No postman was visible....

The next person Peter asked was as excessive as the old lady was deficient. He was a large, smiling, self-satisfied man, with a hearty laugh.

“Where does the road go, my boy?” he repeated. “Why! it goes to Maidenhead and Cookham. Cookham! Have you heard the story? This is the way the man told the waiter to take the underdone potatoes. Because it’s the way to Cookham. See? Good, eh? But not so good as telling him to take peas that was. Through Windsor, you know. Because it’s the way to Turnham Green. Ha, ha!

“How far is Maidenhead? Oh! a tidy bit—a tidy bit. Say four miles. Put it at four miles.”

When Peter asked for Limpsfield the large man at once jumped to the conclusion he meant Winchfield. “That’s a bit on your left,” he said, “just a bit on your left. How far? Oh! a tidy bit. Say five miles—five miles and a ’arf, say.”

When he had gone on a little way the genial man shouted back to Peter: “Might be six miles, perhaps,” he said. “Not more.”

Which was comforting news. So Peter went on his way with his back to Limpsfield—which was a good thirty miles and more away from him—and a pleasant illusion that Aunts Phyllis and Phœbe were quite conveniently just round the corner....

About four o’clock he had discovered Maidenhead bridge, and thereafter the river held him to the end. He had never had a good look at a river before. It was a glowing October afternoon, and the river life was enjoying its Indian summer. High Cross School was an infinite distance away, and all its shadows were dismissed from his mind. Boats are wonderful things to a small boy who has lived among hills. He wandered slowly along the towing-path, and watched several boats and barges through the lock. In each boat he hoped to see Uncle Nobby. But it just happened that Uncle Nobby wasn’t there. Near the lock some people were feeding two swans. When they had gone through the lock Peter went close down to the swans. They came to him in a manner so friendly that he gave them the better part of his provisions. After that he watched the operations of a man repairing a Canadian canoe beside a boat-letting place. Then he became interested in the shoaling fish in the shallows. After that he walked for a time, on past some little islands. At last, as he was now a little foot-sore, he sat down on the bank in the lush grass above some clumps of sweet rush.

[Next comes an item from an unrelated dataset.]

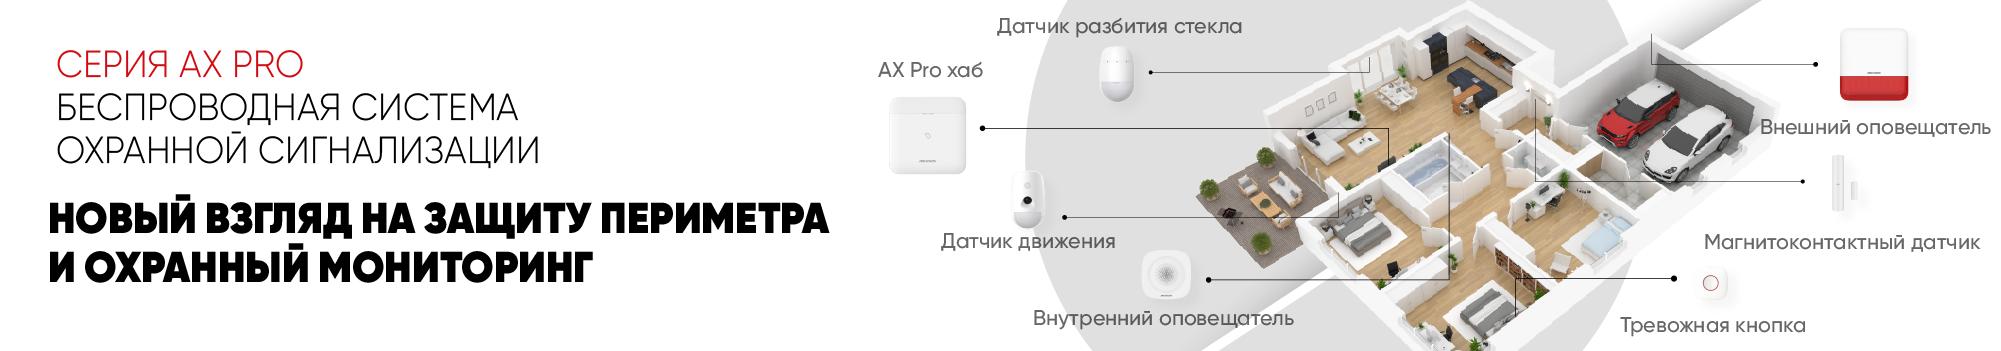 13_ru_ax_pro_series_banner_200720_2000

He was just opposite the autumnal fires of the Cleveden woods, amidst which he could catch glimpses of Italian balustrading. The water was a dark mirror over which hung a bloom of mist. Now and then an infrequent boat would glide noiselessly or with a measured beat of rowlocks, through the brown water. Afar off was a swan....

Presently he would go on to Ingle-Nook. But not just yet. When his feet and legs were a little rested he would go on. He would ask first for Limpsfield and then for Ingle-Nook. It would be three or four miles. He would get there in time for supper.